3)  I had felt more comfortable just writing everything that came to mind, which helped me become a better writer not just recreationally, but in my essays in school as well.  It made me realize that I don't need it to be perfect when it first goes down on the page, and it doesn't need to be perfect for me to get past it.  You can -always- go back later, and that's the biggest thing I got out of that.


----------



## ChibiJaime (Jul 28, 2007)

Just write, write, write.

Egh, every time I go back to this thread, I pine for a writers' forum here on the board. But with everything that's going on lately, that's so unlikely...


----------



## Kyrre (Jul 28, 2007)

Yeah, I wouldn't mind seeing one of those myself.  I don't know if I'd post much in it... but I'd probably read a lot of it.  lol


----------



## Kiniel (Jul 30, 2007)

_


----------



## Vore Writer (Aug 13, 2007)

I tried a couple of times. I think the first time I did it I failed. I completely lost interest in the story I was writing. The chapters were pretty much repeat, nothing major was really happening, and I nuked it with a sucky ending. The second time I did it I passed, but I haven't touched the story since. I think I just wrote it to see if I could actually write 50,000 plus in a month.

As for doing it this year, I have no idea. It depends if I'm still writing Run or not.

There's another thing called NanoWriye, and it's basically like Wrimo but you have a year and not a month to write. All you really do is just set a goal, and obviously you try and beat it by the end of the year.


----------



## ChibiJaime (Aug 14, 2007)

I don't know. Having a year to do it just seems... ehn. I'd forget and lose interest.

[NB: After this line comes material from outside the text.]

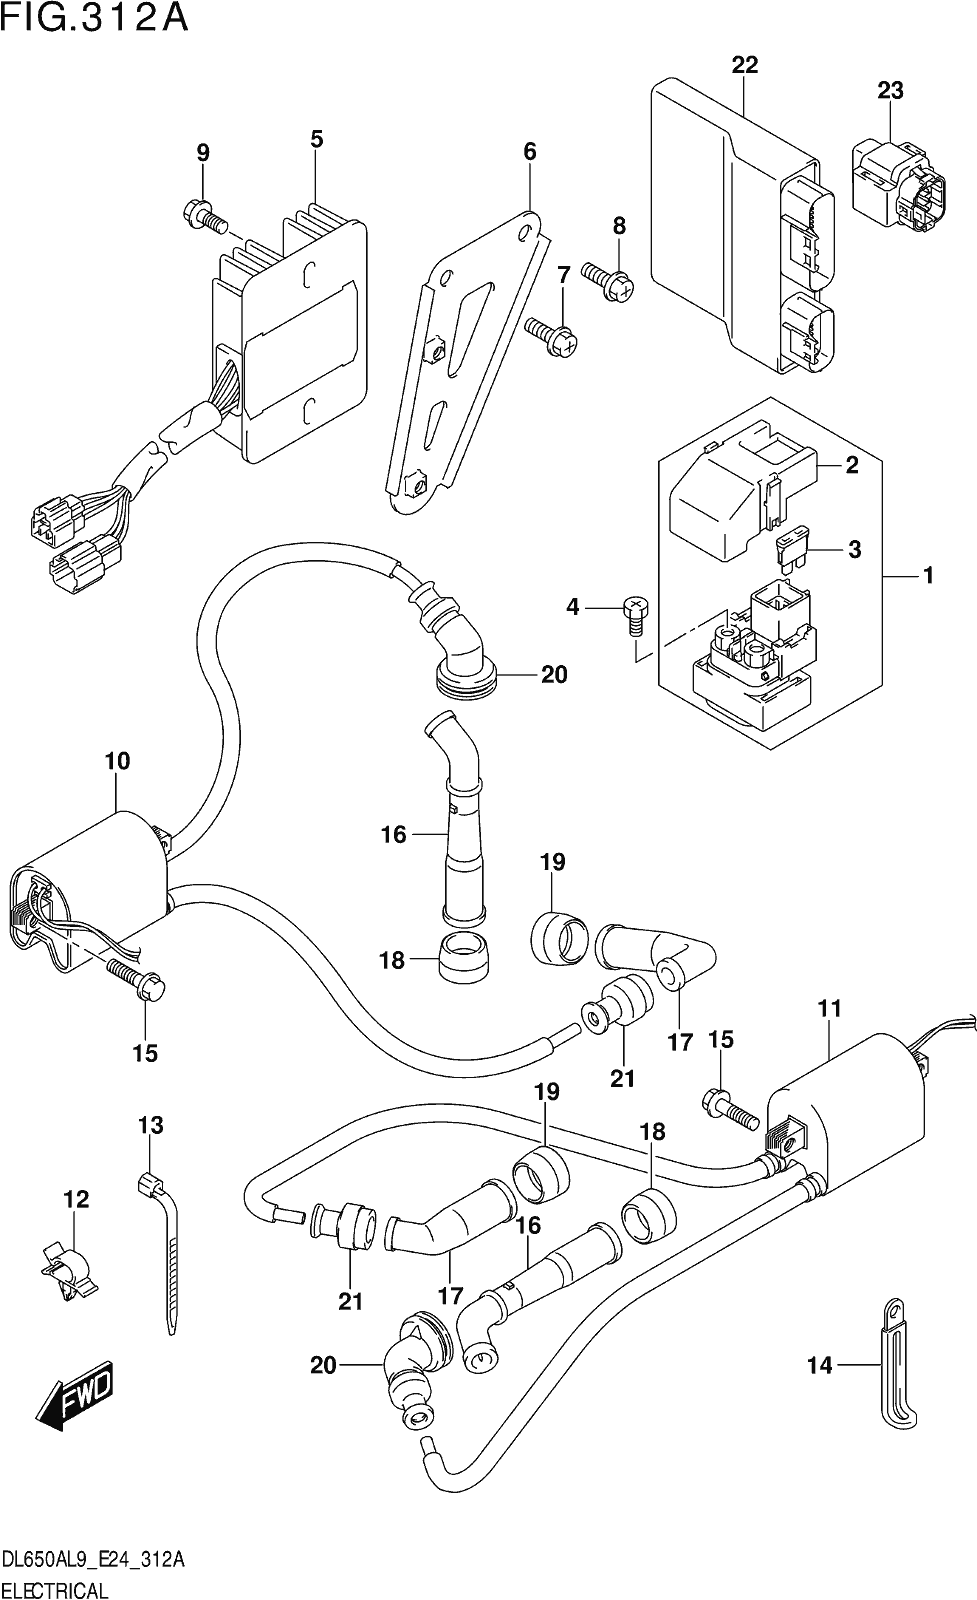 Fig.312a Electrical (dl650xa,dl650a)

A month gives my friends ample reason to be my ruthless slave-drivers cheerleaders.

Also, having a year just seems to take away from the original point, which was writing for writing's sake, not for having a perfectly sculpted piece at the end of the month.


----------



## fruitcake (Aug 15, 2007)

I participated last year, but I didn't finish.

I'm going to give it another shot this year.

I wish it wasn't in Novemeber... I'll probably be too busy fretting about midterms to finish (again!).


----------